#### SUPPLIED MATERIAL
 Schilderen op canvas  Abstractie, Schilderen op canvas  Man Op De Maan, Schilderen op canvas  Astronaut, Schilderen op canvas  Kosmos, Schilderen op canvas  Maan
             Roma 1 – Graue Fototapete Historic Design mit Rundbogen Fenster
* * *
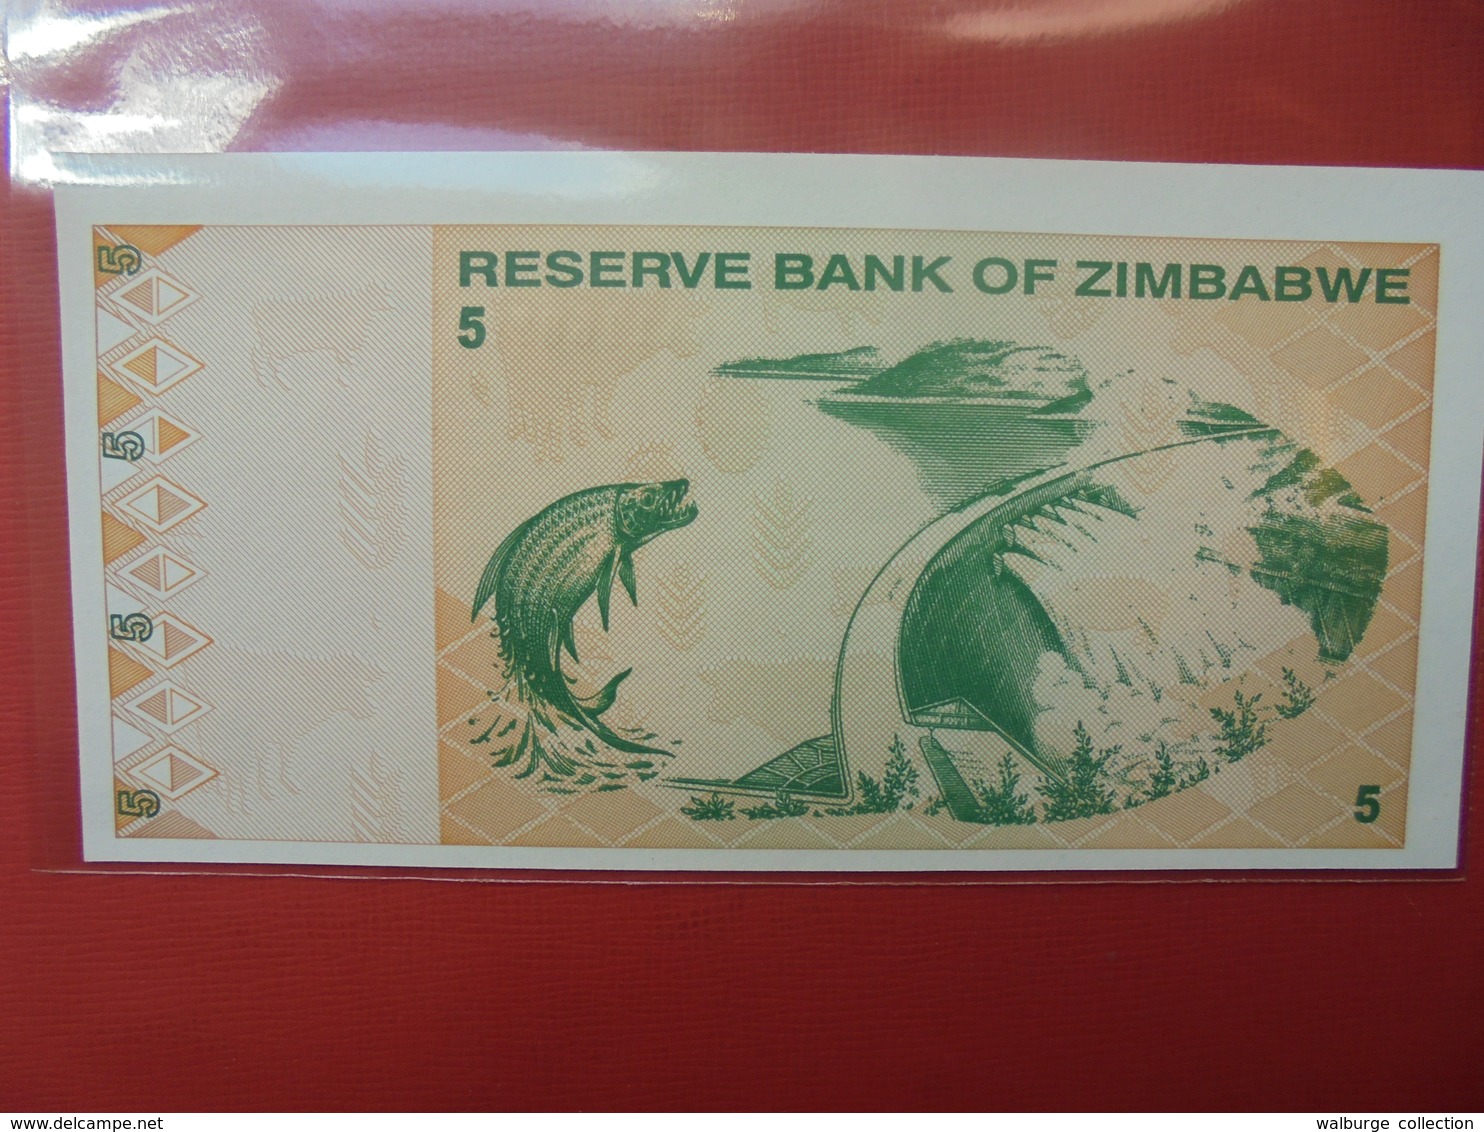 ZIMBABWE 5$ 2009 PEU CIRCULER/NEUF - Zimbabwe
* * *
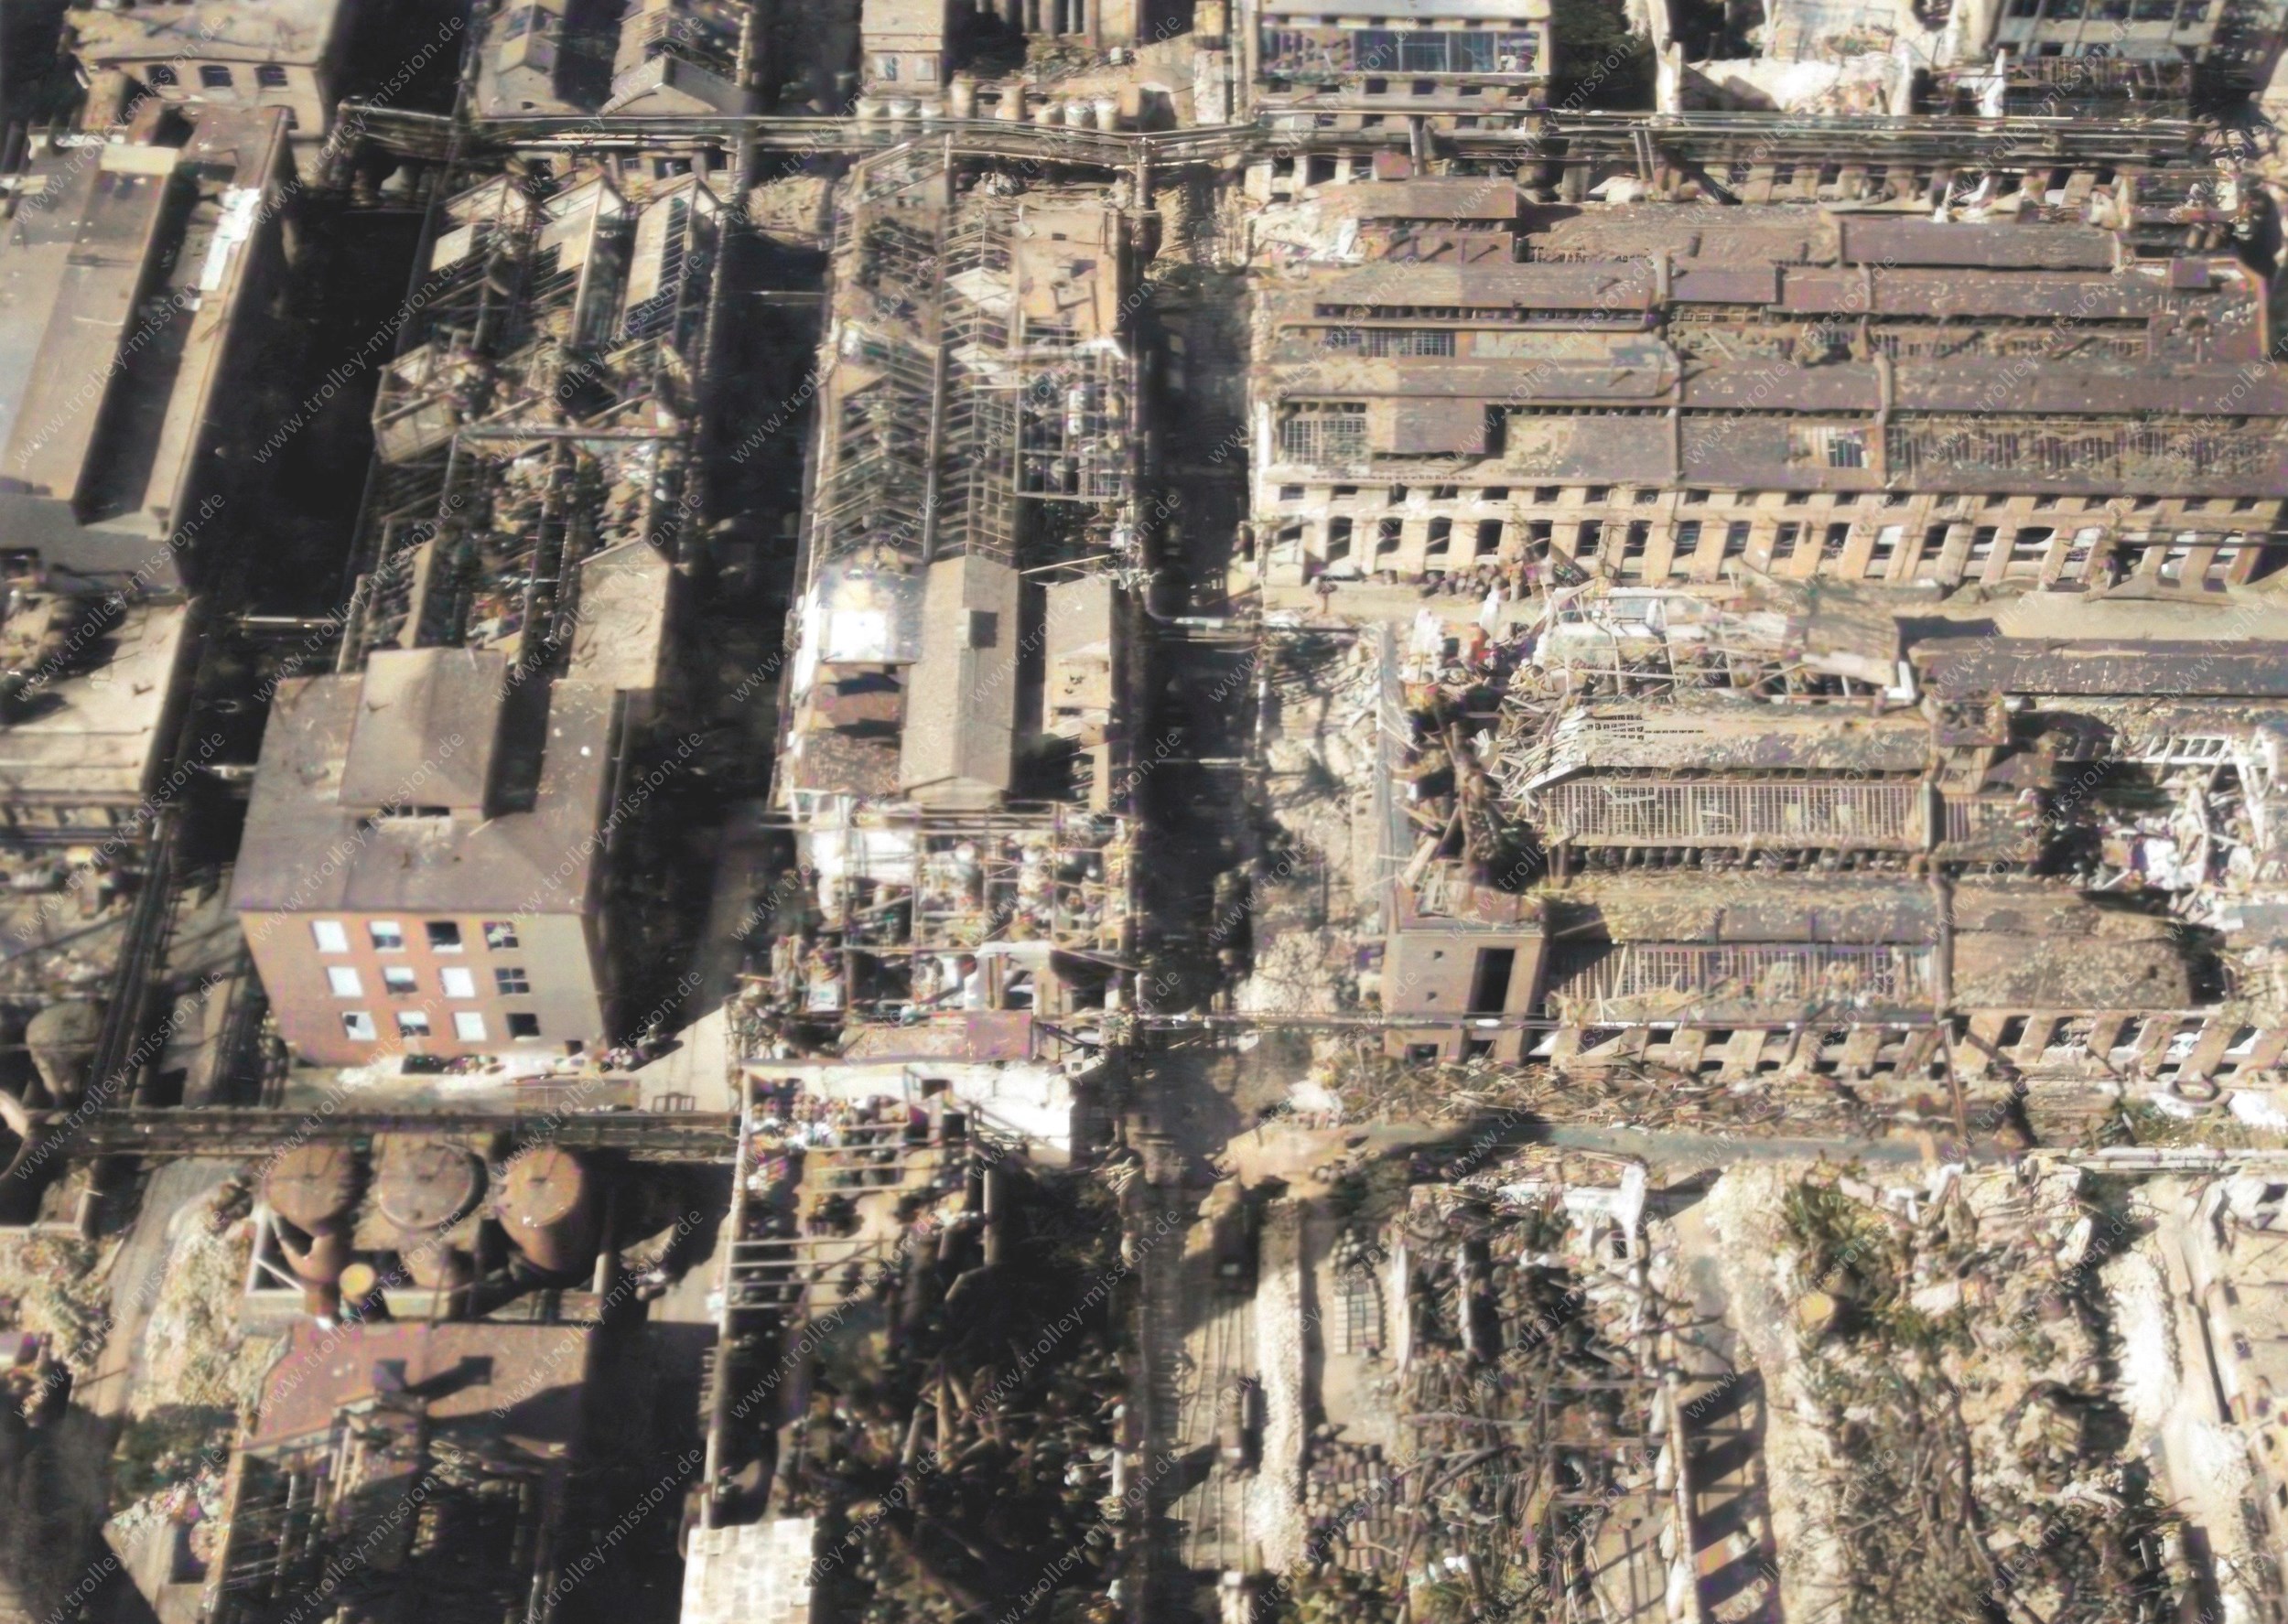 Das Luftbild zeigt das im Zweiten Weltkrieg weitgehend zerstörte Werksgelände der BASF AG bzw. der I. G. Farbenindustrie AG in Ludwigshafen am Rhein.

#### GOAL OF THE EXERCISE
With the line holding "Abstractie, Schilderen op" as the first and the line holding "Roma 1 – Graue" as the last, please transcribe exactly the lines of the material above in that range and nothing else.

#### EXERCISE RESPONSE
 Schilderen op canvas  Abstractie, Schilderen op canvas  Man Op De Maan, Schilderen op canvas  Astronaut, Schilderen op canvas  Kosmos, Schilderen op canvas  Maan
             Roma 1 – Graue Fototapete Historic Design mit Rundbogen Fenster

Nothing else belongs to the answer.